How I Accepted my Mother and Created a Special Relationship

Love does not wear a uniform

Photo by Photos By Beks on Unsplash

As Mother's Day looms, I’m flooded with memories of my mother. For the greater part of my life, it would have been hard to describe these memories.

Many people, but particularly women, have complex relationships with their mothers. Nancy Friday (1977) in My Mother, My Self voiced the complexity but elaborated on the importance of this bond. In her acknowledgment, she wrote:

“When I stopped seeing my mother with the eyes of a child, I saw the woman who helped me give birth to myself.”

My mother and I were never estranged, but I don’t think that we ever recognized each other as friends. We chased harmony, but it eluded us. I was always a Daddy’s girl, but I didn’t know that I had an unusual relationship with my mother until I was eight.

Our Sunday School had a Harvest program. Each participant, after reciting or singing, offered a rose to their most loved parent.

I recited my poem, took my rose, and walked off the stage. I passed my mother in the sixth pew. Hands reached out to grab me, to tell me that my mother was there as if I’d missed her. Ignoring the helpful calls, I walked purposefully down to the back of the Church where my father was sitting.

He got my rose and a hug. The confusion ended with reluctant applause from the audience. My dad was the only father to win a rose. All my life, I’ve remembered the look of puzzlement and hurt on my mother’s face as I passed her pew. The pause before the applause informed me I had made a mistake. All children in that world loved their mothers more.

Our relationship did not go downhill, but we did not go on walks together. She did her best to rear a young lady by teaching me domestic skills. I avoided the kitchen unless my father insisted. I did not mind cooking but didn’t want to share space with her.

She tried to train me in fabric selection as we visited fabric shops for dress material. I had a book on Greek mythology waiting at home and quickly agreed to whatever she suggested.

My indifference towards clothes confused her: “You are a funny girl,” she commented, dejected that she did not secure a bonding moment.

Growing older, the difference in our relationship and hers with my other siblings could not be denied. There was a reprieve for both of us when I left home for school in a different place.

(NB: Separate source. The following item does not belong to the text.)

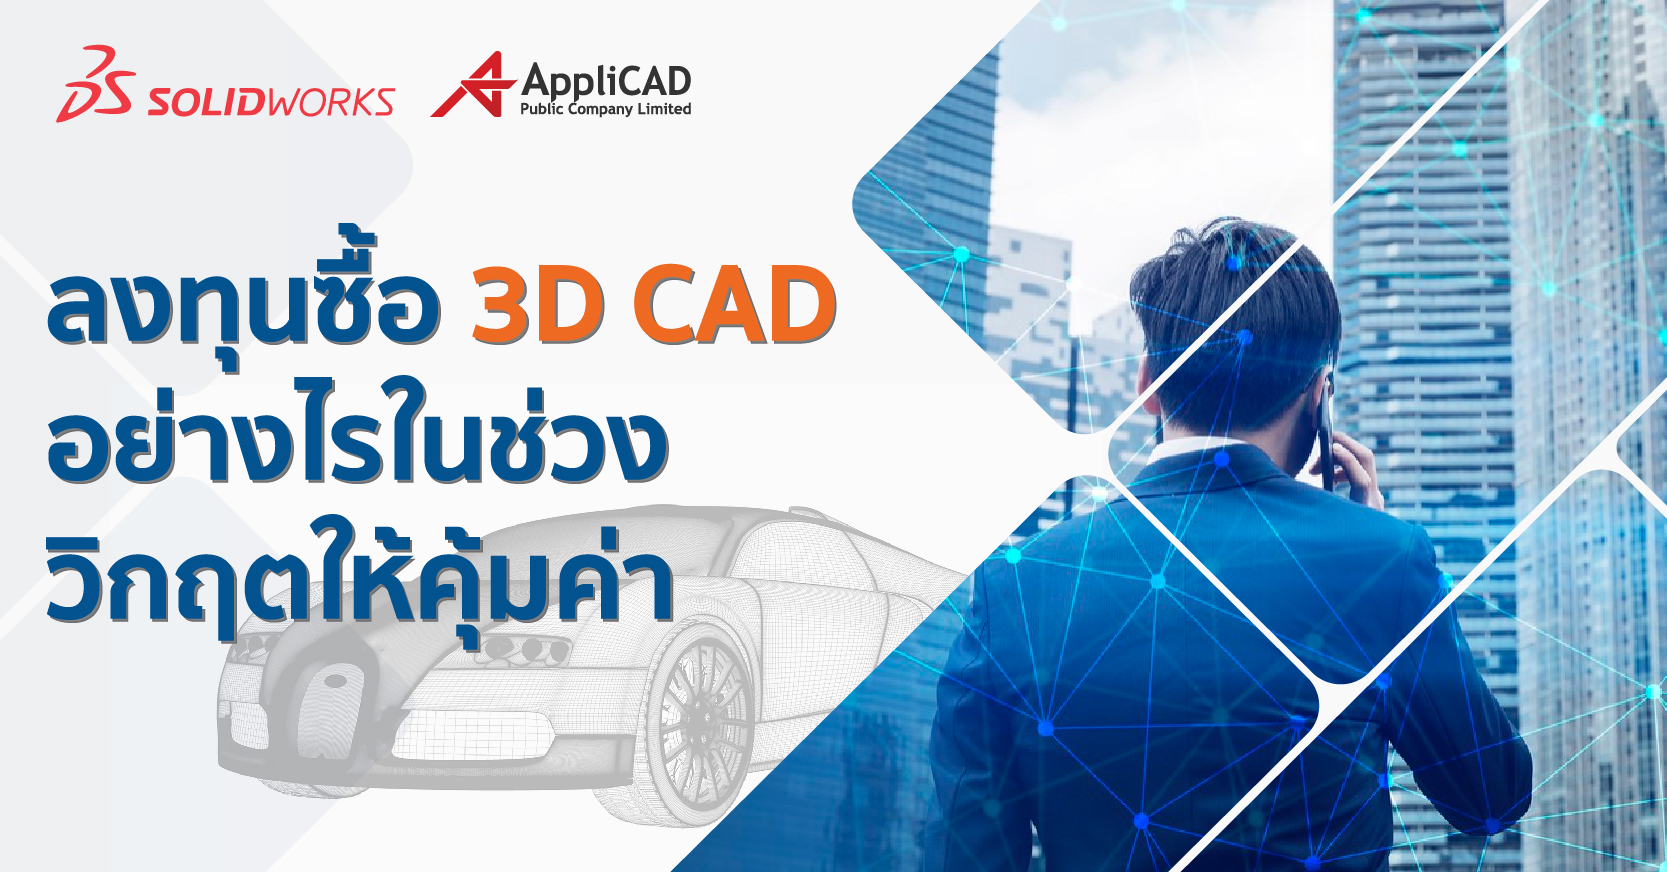 ซื้อ 3D CAD อย่างไร ในราคา ที่คุ้มค่า เลือกแบบเช่าใช้ หรือซื้อขาดดี ??

When my young friends gossiped about their relationships with their mothers, I listened with envy and a sense of loss. I never joined in. Secretly, I realized my mother and I had different expectations of our bond.

Yet at her death at ninety, I had all I wanted from her. She seemed happy with me without the tensions that dogged decades of our lives. We were enough for the other; however, we were.

How did I stop asking for more of her?

An unplanned lecture, divinely ordained, I believe started the process in five steps.

1. A Lecture on Attachment Theory in Practice:

One day in the 1990s, I attended a class on the Practical Applications of Attachment theory.

Dr. McLeod summarized and updated two of Bowlby’s main tenets in 2017 in Simply Psychology.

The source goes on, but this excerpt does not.